- Given information:
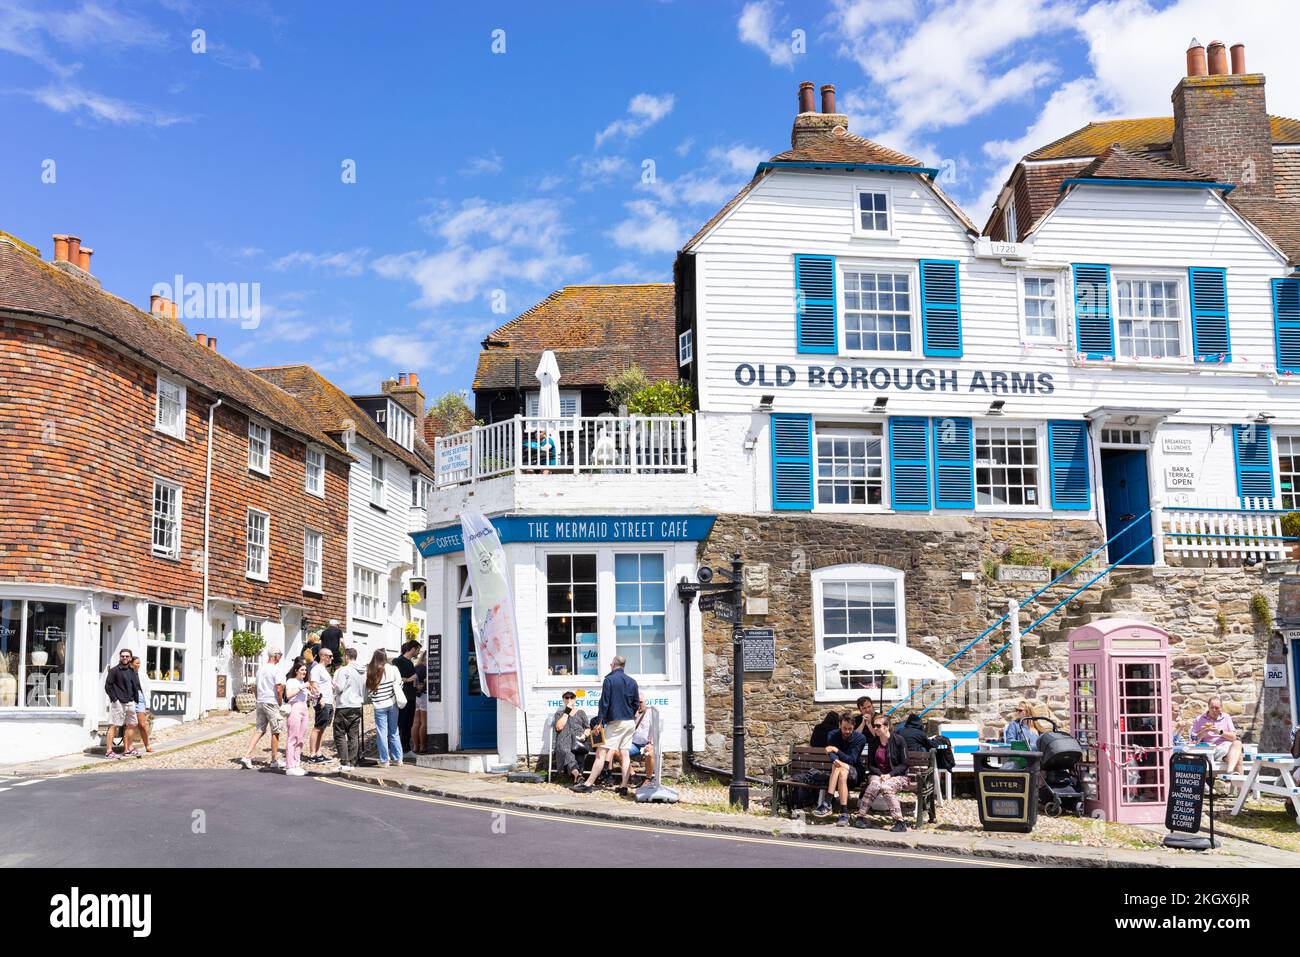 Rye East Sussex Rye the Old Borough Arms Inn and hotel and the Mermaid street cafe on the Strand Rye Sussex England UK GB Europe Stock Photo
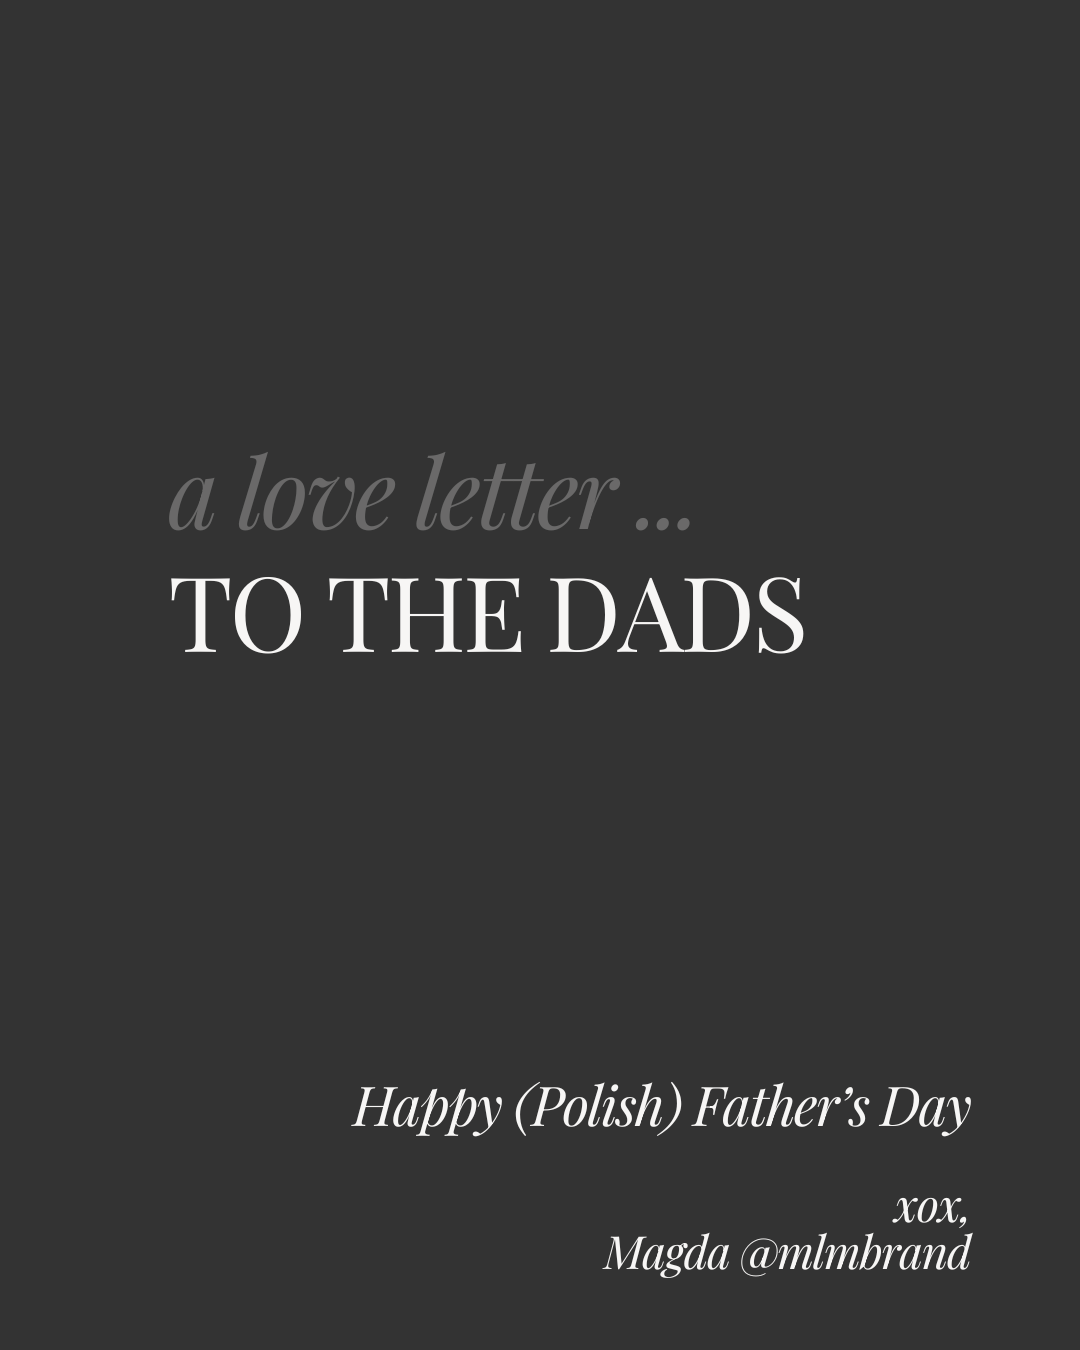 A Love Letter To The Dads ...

--

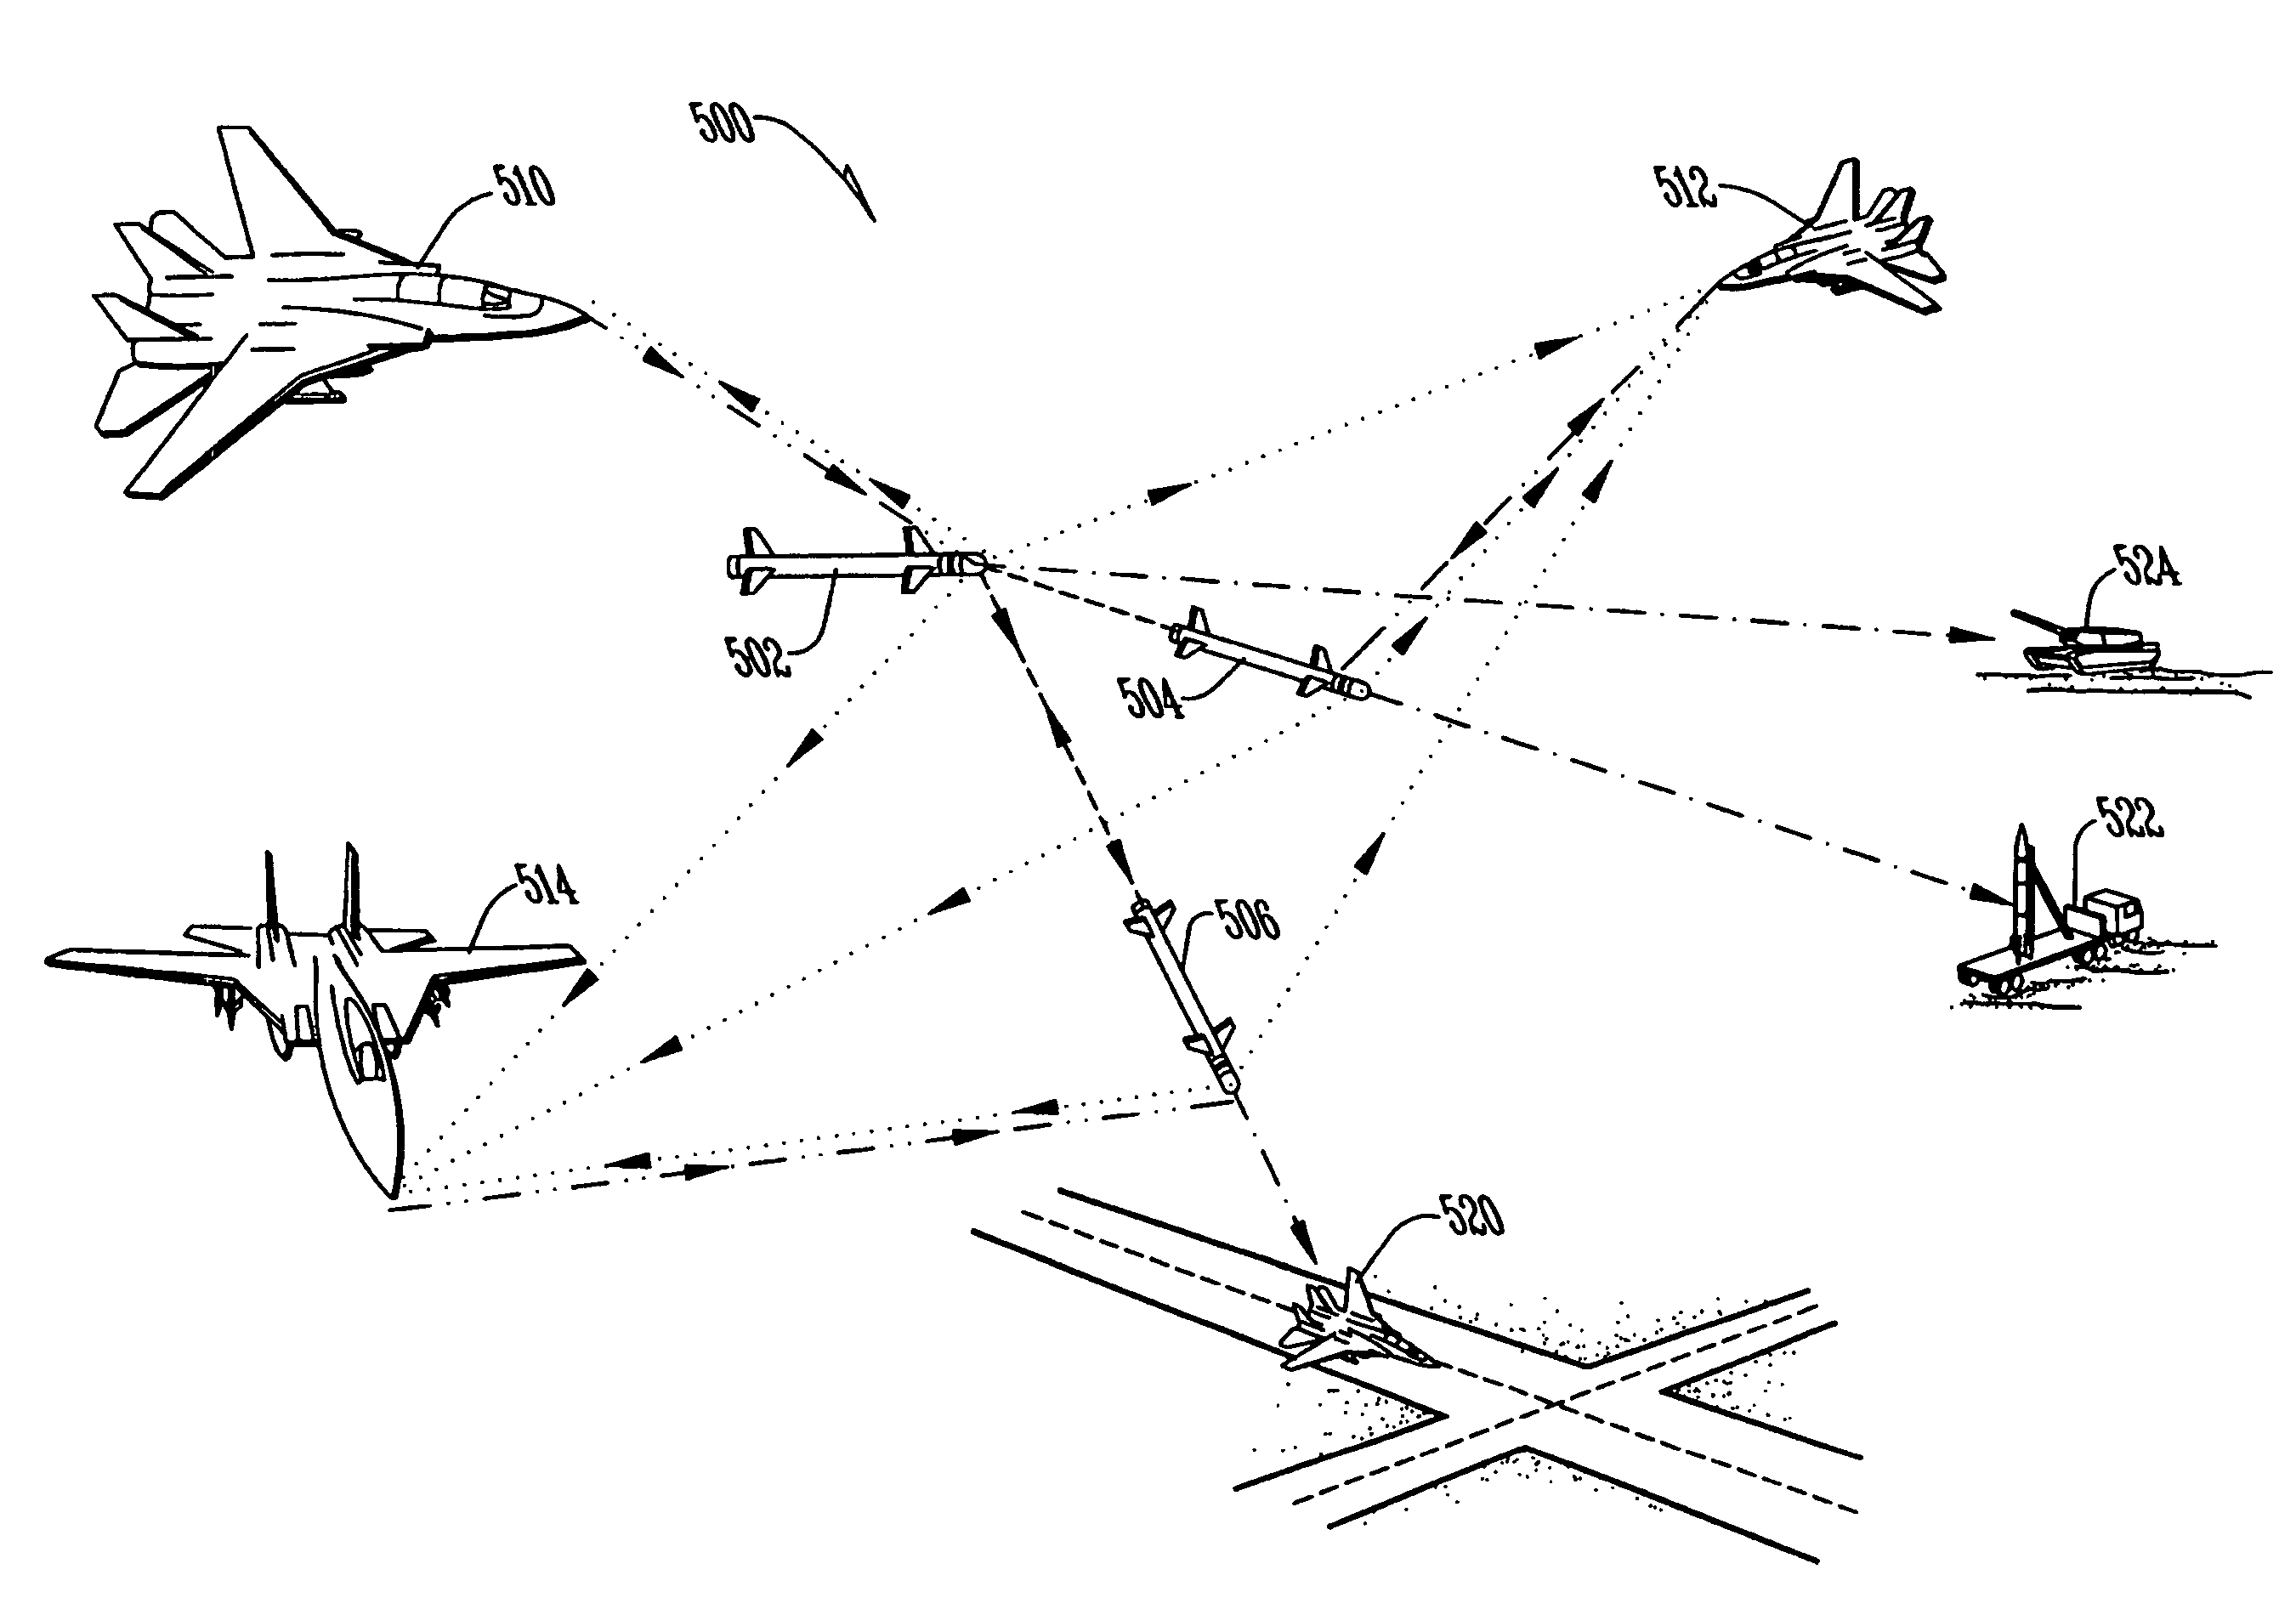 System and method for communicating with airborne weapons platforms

- Problem requirements:
Within the material above, only the stretch from the line holding "Rye East Sussex" through the line holding "A Love Letter To The Dads ..." is to be restated exactly. Pictures are dropped.

- Task output:
 Rye East Sussex Rye the Old Borough Arms Inn and hotel and the Mermaid street cafe on the Strand Rye Sussex England UK GB Europe Stock Photo
 A Love Letter To The Dads ...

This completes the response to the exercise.